The California District Court ruled a lawsuit by a group of consumers who accused a number of large companies of price collusion. We are talking about the fact that at the end of 2007 and at the beginning of 2008 such major players in the electronics market as Samsung, Philips, Toshiba, Hitachi and Panasonic jointly fixed the prices of monitors and cathode ray televisions, rejecting free competition.

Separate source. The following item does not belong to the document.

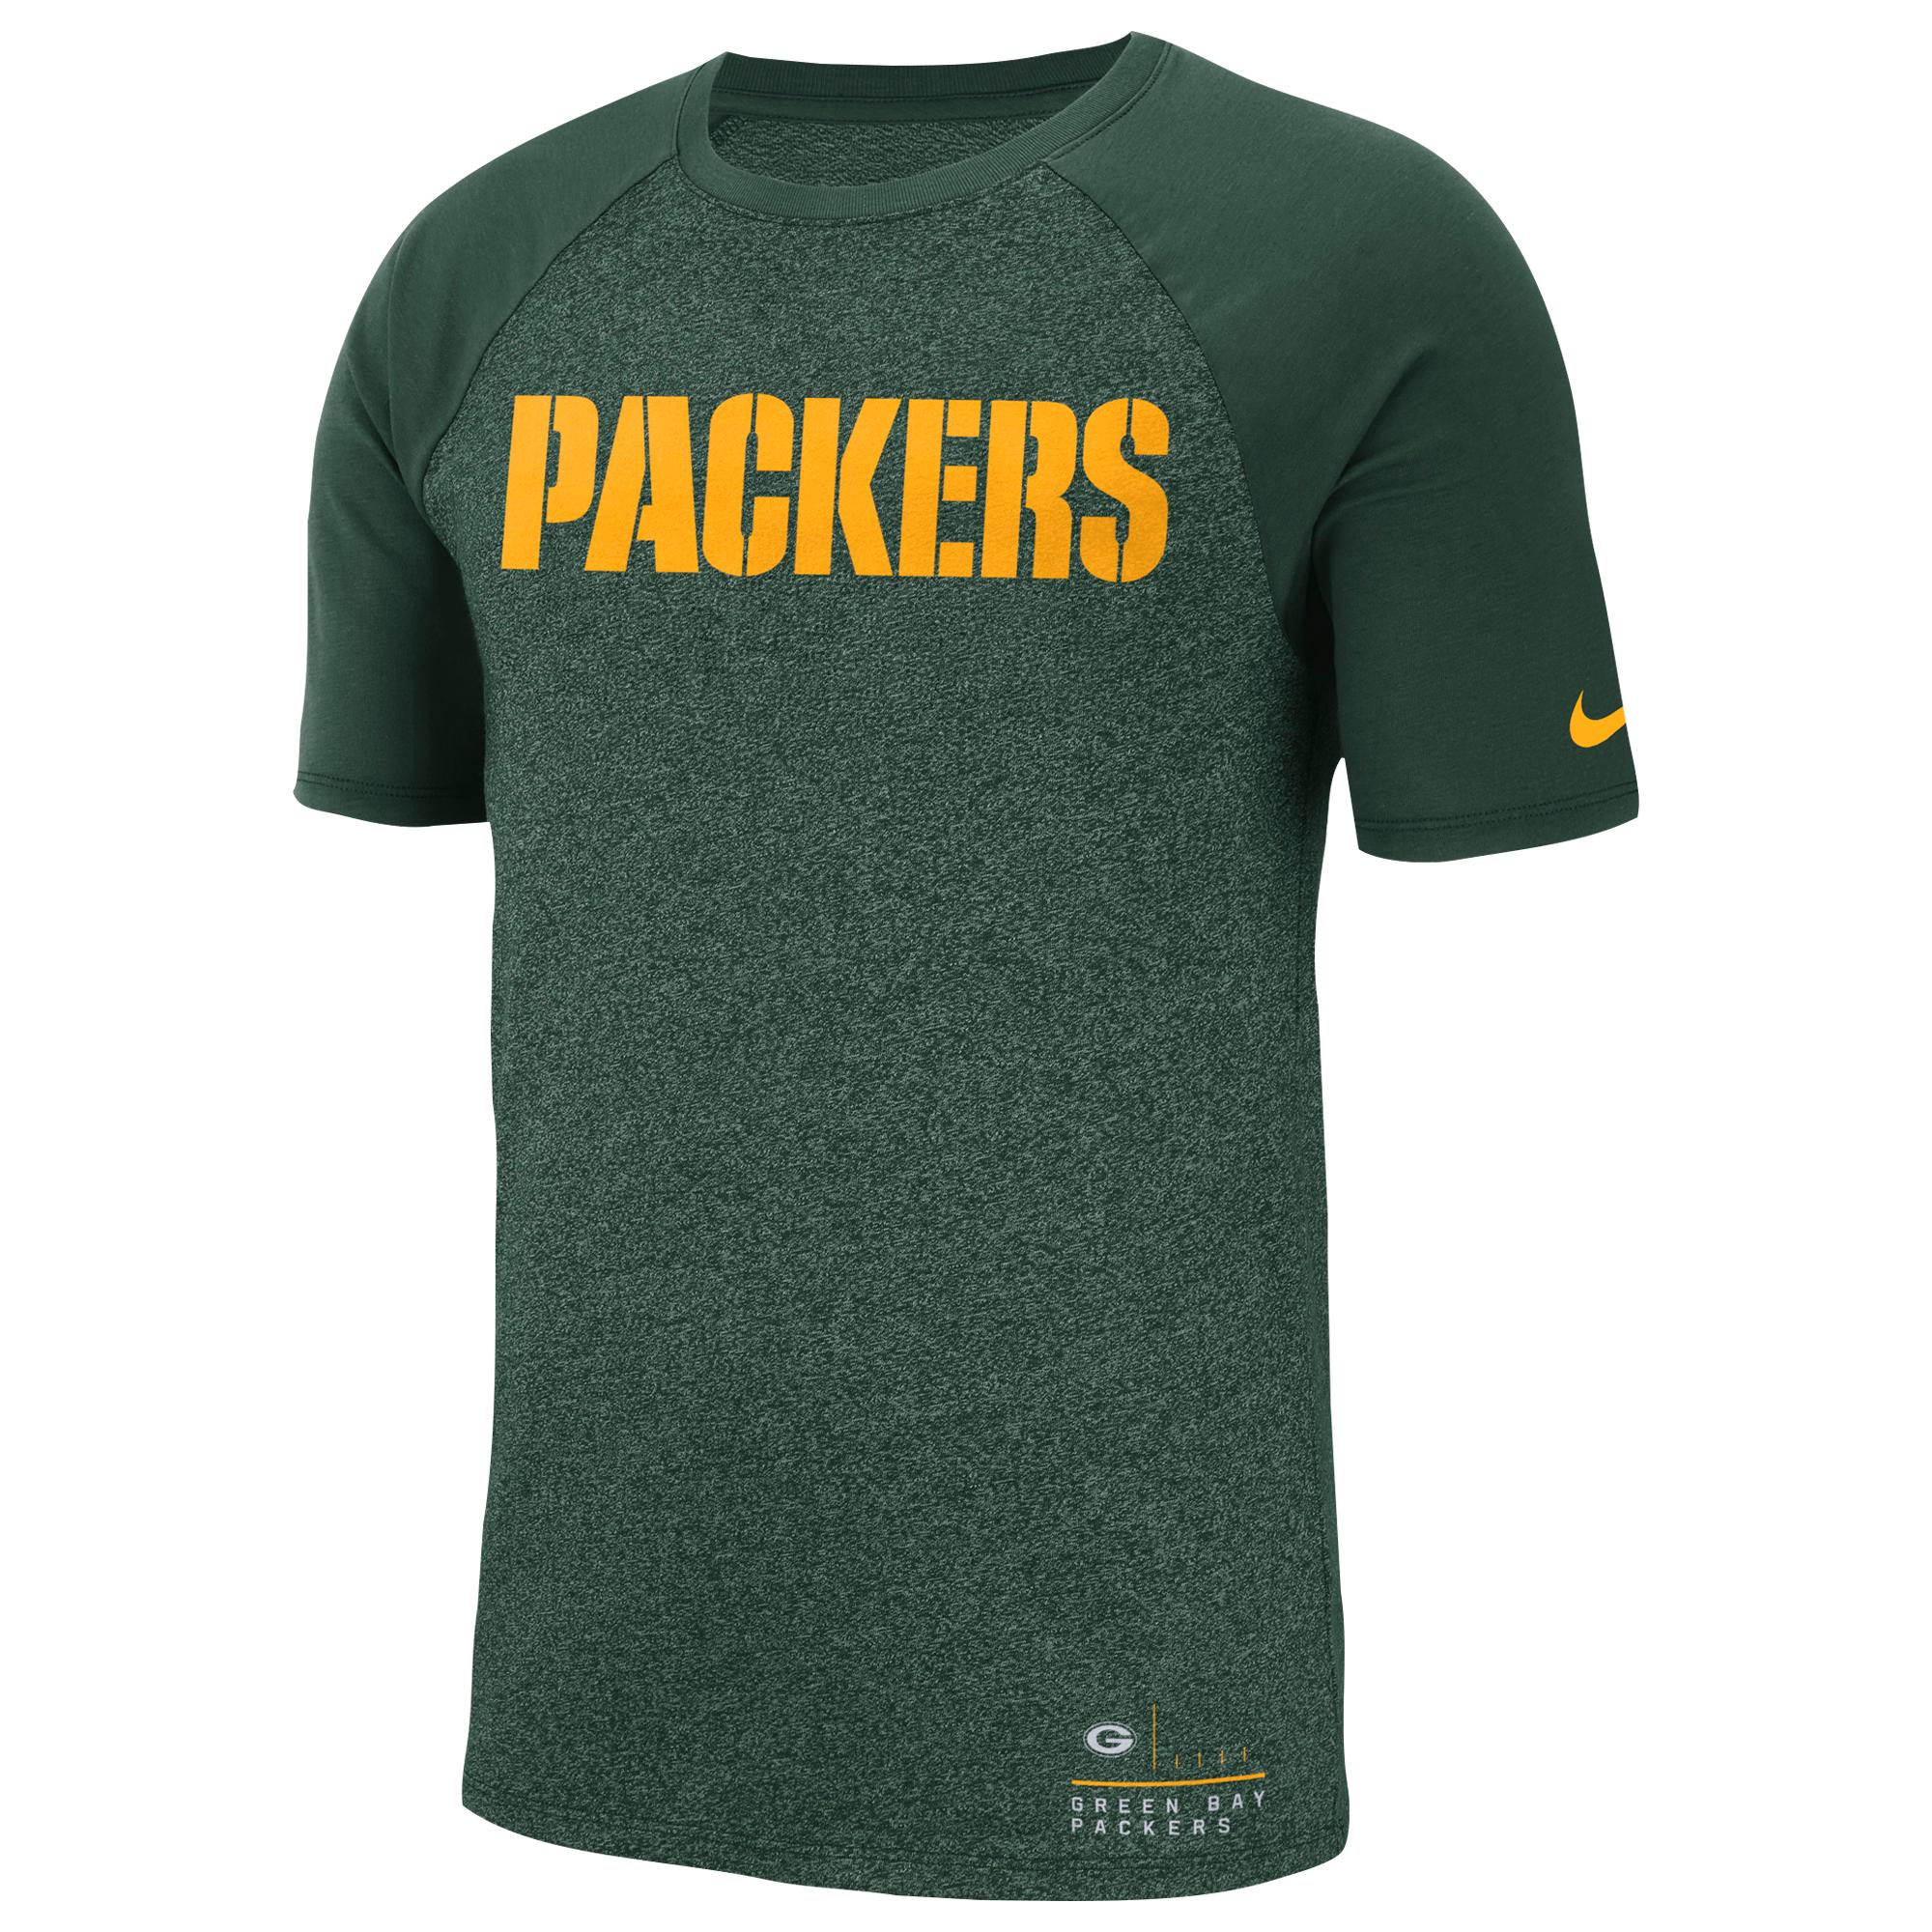 Nike Cotton Raglan (nfl Packers) Men's T-shirt in Green for Men - Lyst

The amount of compensation that the companies involved in the lawsuit have already agreed to pay is a significant $ 528 million. The largest part of this amount will be paid by Samsung - $ 225 million, followed by Philips in the amount of payments - the Dutch company will refund $ 175 million. The rest of it will fall on Toshiba, Hitachi and Panasonic. Interestingly, the court in the United States and in fact the greatest fault of Samsung - this is not the first statement of its participation in questionable market transactions. Back in 2009, Japanese regulators fined the South Korean company in a similar lawsuit, however, then the amount of damage was much more modest - 3.3 billion yen (approximately $ 37 million).
A little later, Samsung
came under the attention of the EU antimonopoly committee. European Commissioner for Competition Joaquin Almunia (who also heads the investigation against Google) announced then that six companies - Philips, LG, Panasonic, Samsung, Toshiba and Chunghwa (Taiwan) - agreed to keep prices fixed for 10 years for them -beam tubes, which at that time were an essential component for monitors and televisions. In Europe, however, Philips paid the largest fine - 313 million euros. The total payment then amounted to 1.47 billion euros.
The investigation of the regulators revealed a curious fact: meetings for concluding cartel agreements were secretly called their participants as “green meetings”, because after discussing all the issues, it was customary to play golf. “For almost a decade, cartel members carried out very destructive and anti-competitive actions, including price fixing, market sharing, customer division, coordination of production volumes and the exchange of commercially important information,” the European Union said at the time.